Geometric shape formed from ten squares

A decomino, or 10-omino, is a polyomino of order 10; that is, a polygon in the plane made of 10 equal-sized squares connected edge to edge. When rotations and reflections are not considered to be distinct shapes, there are 4,655 different free decominoes (the free decominoes comprise 195 with holes and 4,460 without holes). When reflections are considered distinct, there are 9,189 one-sided decominoes. When rotations are also considered distinct, there are 36,446 fixed decominoes.

==Symmetry==

The unique decomino with two axes of reflection symmetry, both aligned with the diagonals

The 4,655 free decominoes can be classified according to their symmetry groups:
- 4,461 decominoes have no symmetry. Their symmetry group consists only of the identity mapping.
- 90 decominoes have an axis of reflection symmetry aligned with the gridlines. Their symmetry group has two elements, the identity and the reflection in a line parallel to the sides of the squares.
- 22 decominoes have an axis of reflection symmetry at 45° to the gridlines. Their symmetry group has two elements, the identity and a diagonal reflection.
- 73 decominoes have point symmetry, also known as rotational symmetry of order 2. Their symmetry group has two elements, the identity and the 180° rotation.
- 8 decominoes have two axes of reflection symmetry, both aligned with the gridlines. Their symmetry group has four elements, the identity, two reflections and the 180° rotation. It is the dihedral group of order 2, also known as the Klein four-group.
- 1 decomino has two axes of reflection symmetry, both aligned with the diagonals. Its symmetry group is also the dihedral group of order 2 with four elements.
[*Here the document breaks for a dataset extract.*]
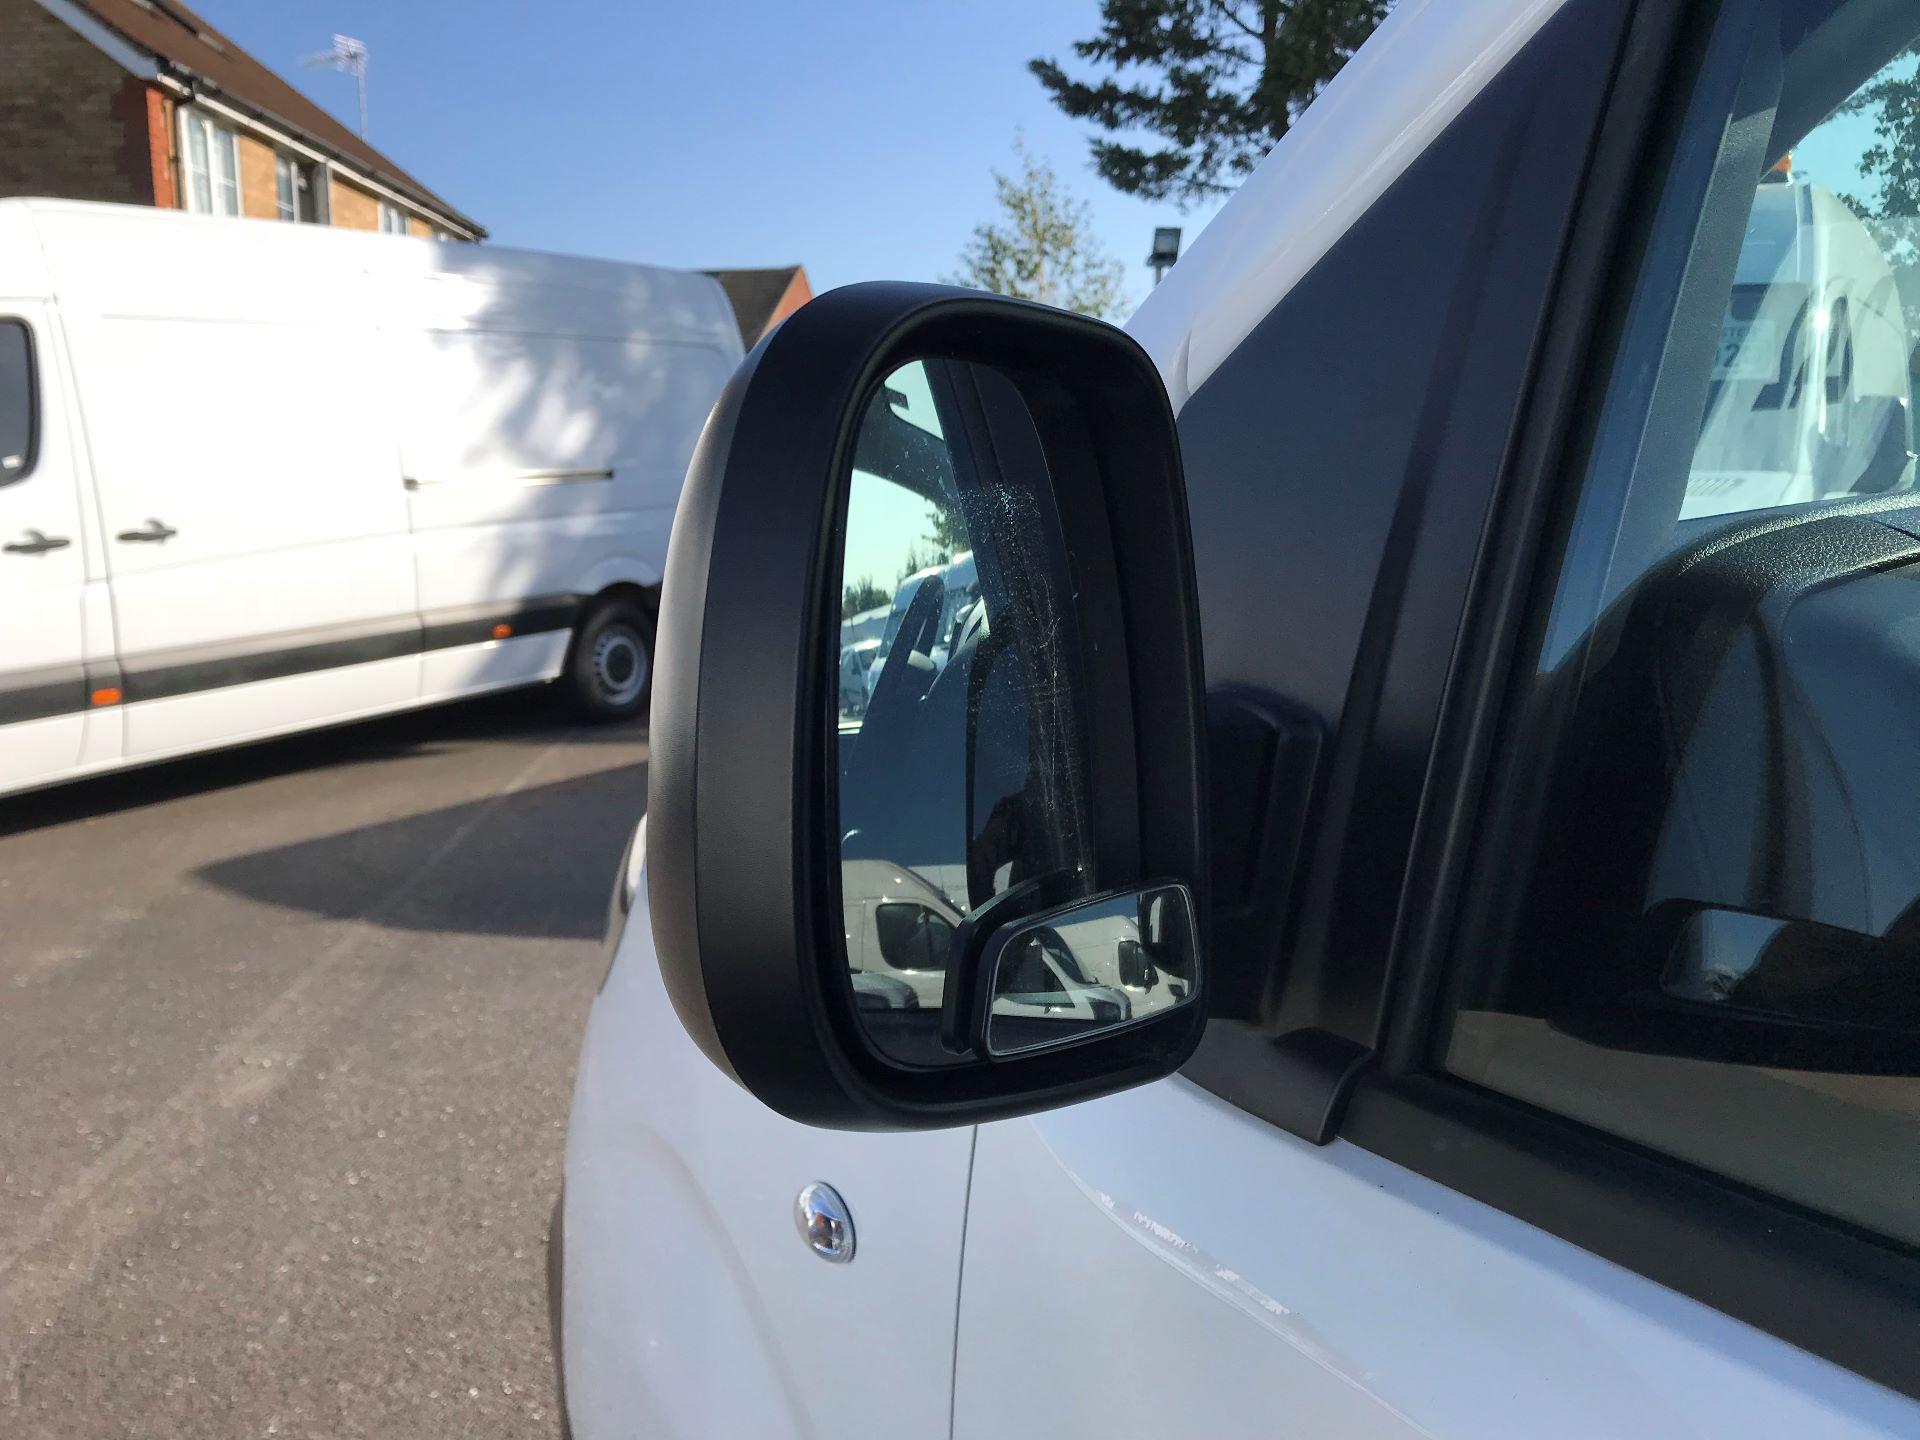 2017 Peugeot Expert STANDARD 1000 1.6 BLUEHDI 95 EURO 6 (NU67LXY) Image 12

Unlike both octominoes and nonominoes, no decomino has rotational symmetry of order 4.

==Packing and tiling==

A self-tiling tile set consisting of decominoes

A geometric magic square consisting of decominoes

195 decominoes have holes. This makes it trivial to prove that the complete set of decominoes cannot be packed into a rectangle, and that not all decominoes can be tiled.

The 4,460 decominos without holes comprise 44,600 unit squares. Thus, the largest square that can be tiled with distinct decominoes is at most 210 units on a side (210 squared is 44,100). Such a square containing 4,410 decominoes was constructed by Livio Zucca.